武騎手は、のちに「いい馬だとは思いましたが、あの段階では正直、そんなに強いとは思わなかった」と話している。まだあまり競馬が上手ではなかったようだ。
3歳になった04年、年明け初戦は中山芝2000㍍の京成杯だった。ダリオ・バルジュー騎手の手綱で抜け出しをはかったが、前をとらえることができず3着に終わった。
レース終了後、松田調教師は金子オーナーと協議し、ごちゃついたり、外を回らされたりしては勝てない中山の皐月賞をパスし、NHKマイルCから日本ダービーというローテーションを進むことに決めた。

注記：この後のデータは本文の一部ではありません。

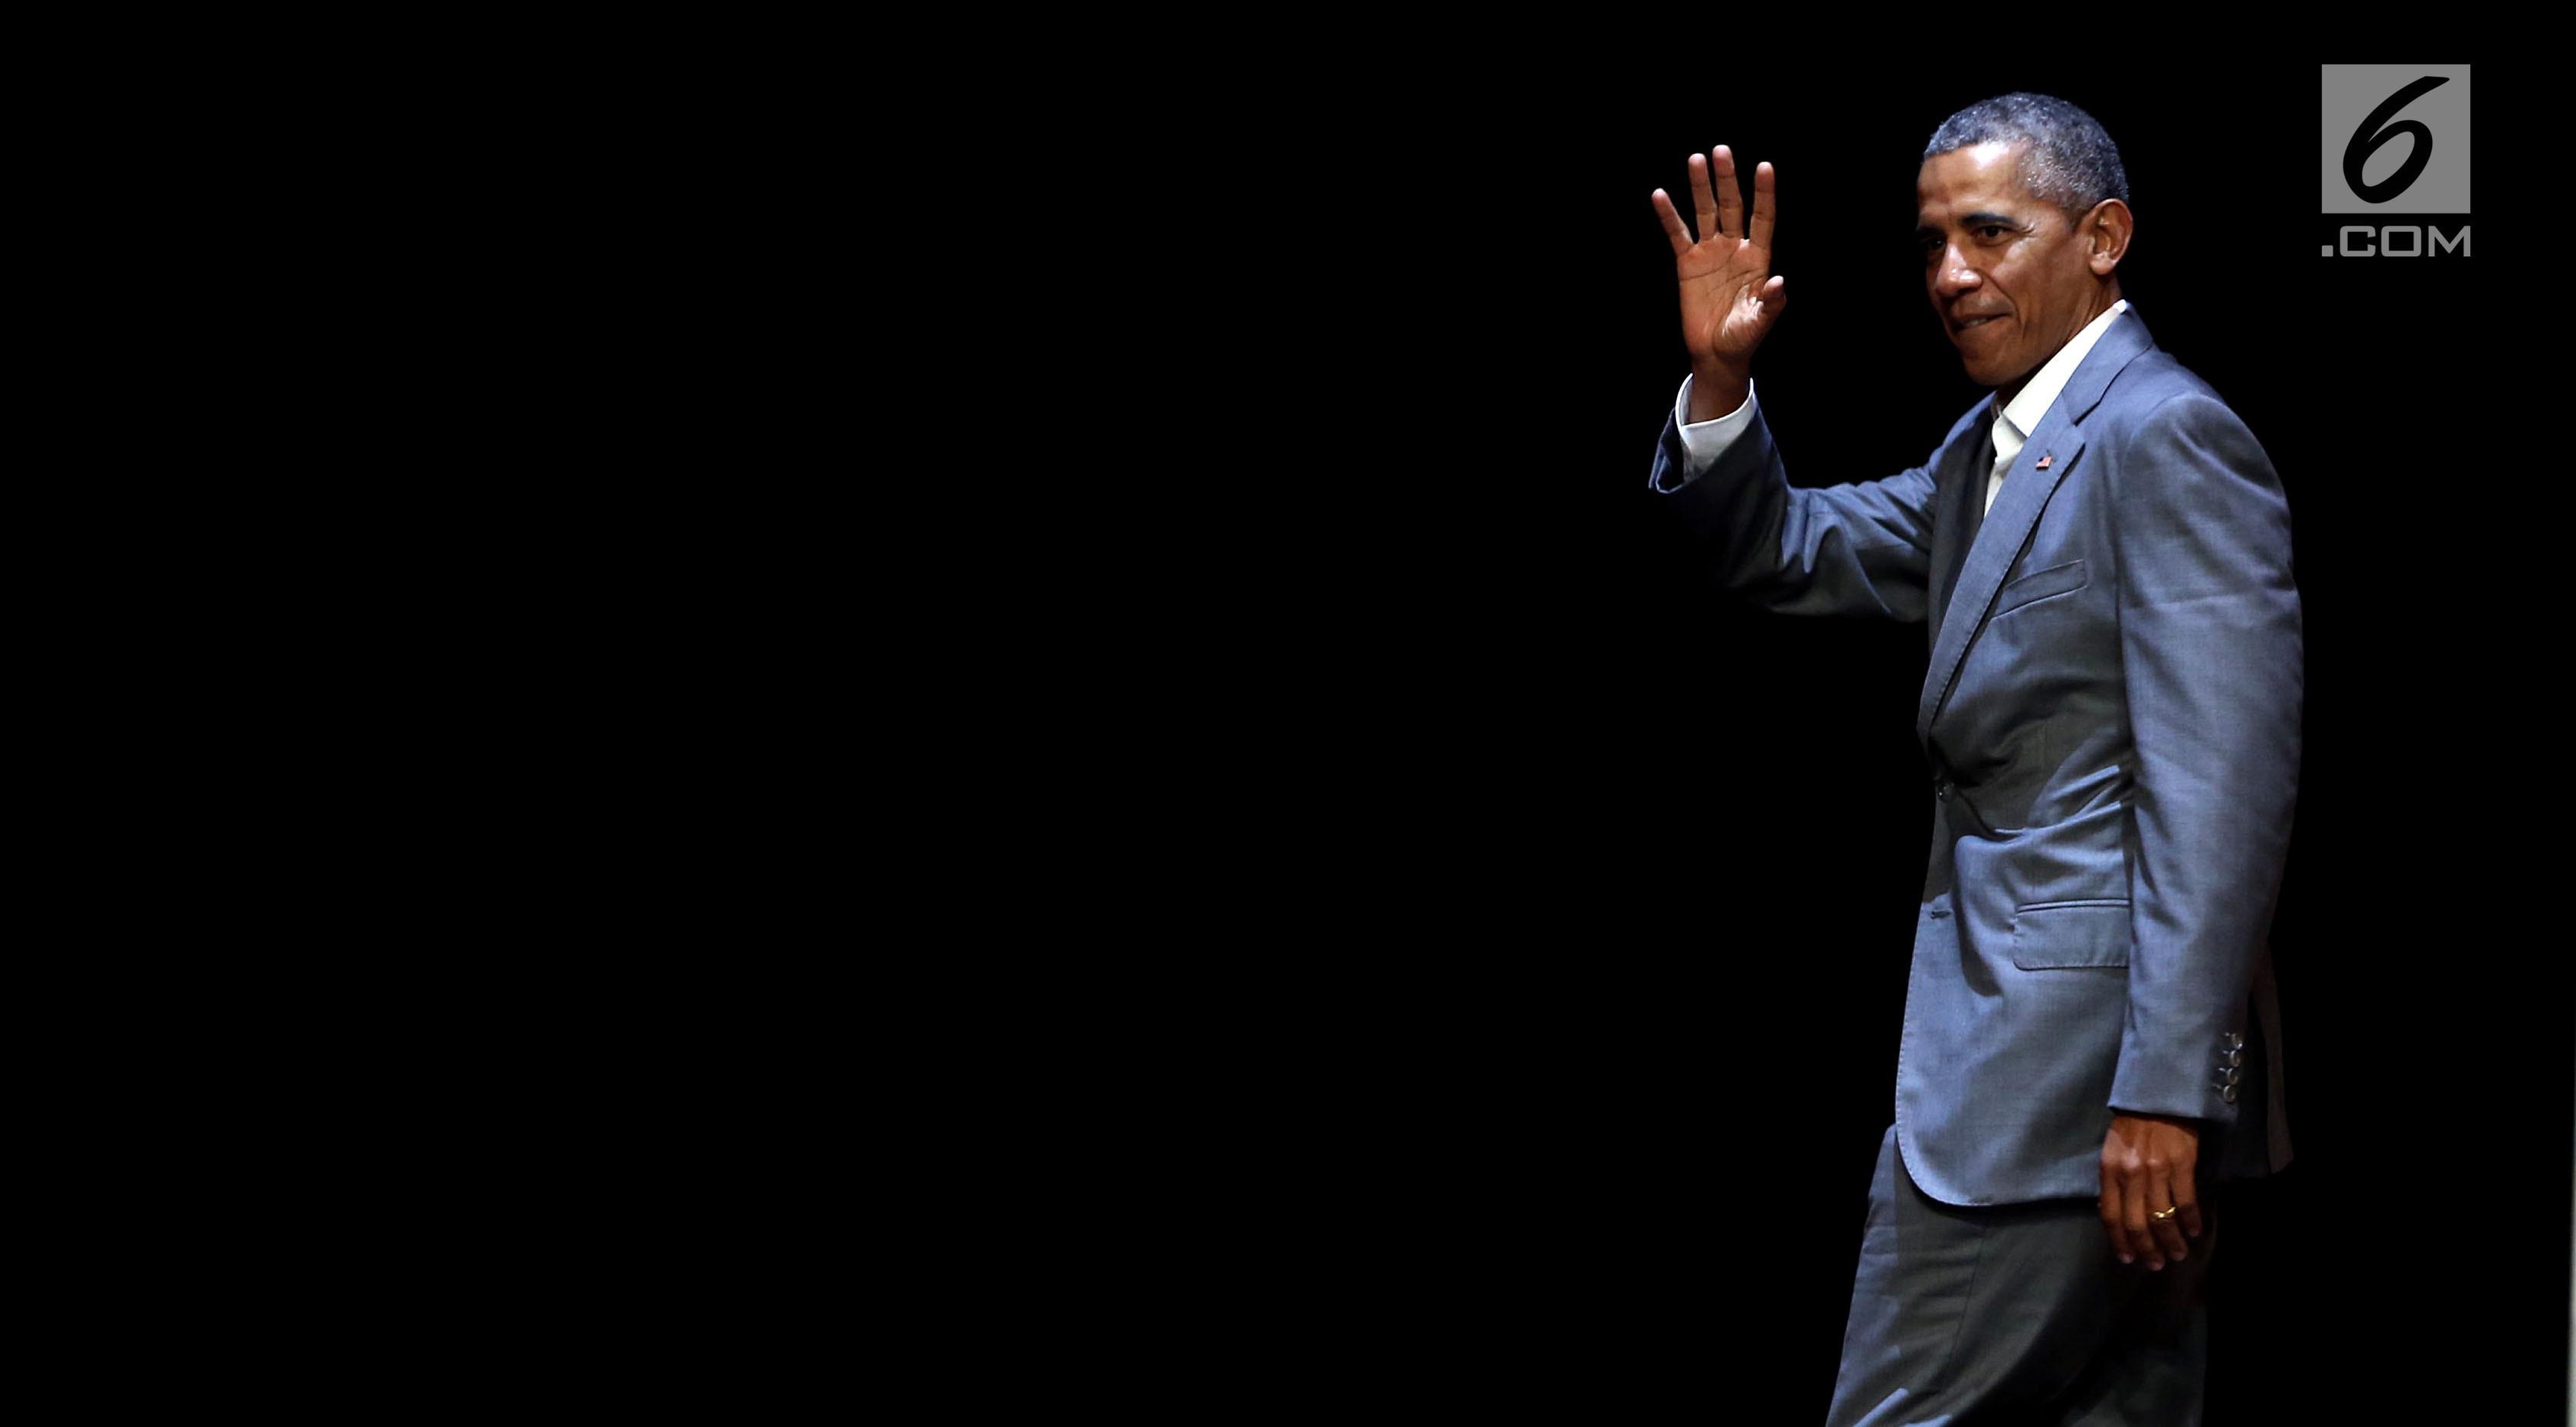 Presiden AS ke-44, Barack Obama menyapa hadirin saat 4th Congress of Indonesian Diaspora di Kota Kasablanka, Jakarta, Sabtu (1/7). Dalam pidatonya, Obama menceritakan pengalamannya berwisata ke Bali dan Yogyakarta. (Liputan6.com/Johan Tallo)

01年にクロフネが1着―5着、02年にタニノギムレットが3着―1着と、厩舎の先輩たちが通ったのと同じ「変則二冠」である。
しかし、それら2頭はどちらも夏以降に屈腱炎を発症し、現役を退くことになった。ともにタフなレースであることに加え、中2週と間隔の短いローテーションが負担をかけたのではないか、という批判の声も一部にはあった。
だが、松田調教師に迷いはなかった。
距離の異なる大レースを制すことによって、種牡馬としての価値が上がる――という確たる考えがあったからだ。
「NHKマイルCからダービーという使い方は、ぼくのプランというより金子真人さんのプランなんです。ダービーの前に使うのなら、皐月賞よりもNHKマイルCのほうが価値がある、という考えを、金子さんは以前からあたためていたらしいんです。それがちょうど、ぼくのやりたいことでもあった、ということです」
07年の本誌のインタビューでそう話した。
また、長い向正面の直線を走ってからコーナーを回る東京芝1600㍍で競馬を覚えることが、多頭数が殺到するダービーの1コーナーをクリアするうえでプラスになる、というのも持論だ。
考えてみれば、マイルの次に2400㍍を走るのは特に変わったことではない。桜花賞からオークスがそうだし、日本がクラシック体系を整備するにあたって範としたイギリスでは、一冠目の2000ギニーはマイルで、二冠目のダービーは2400㍍で行われている(レース間隔はもっと余裕があるが)。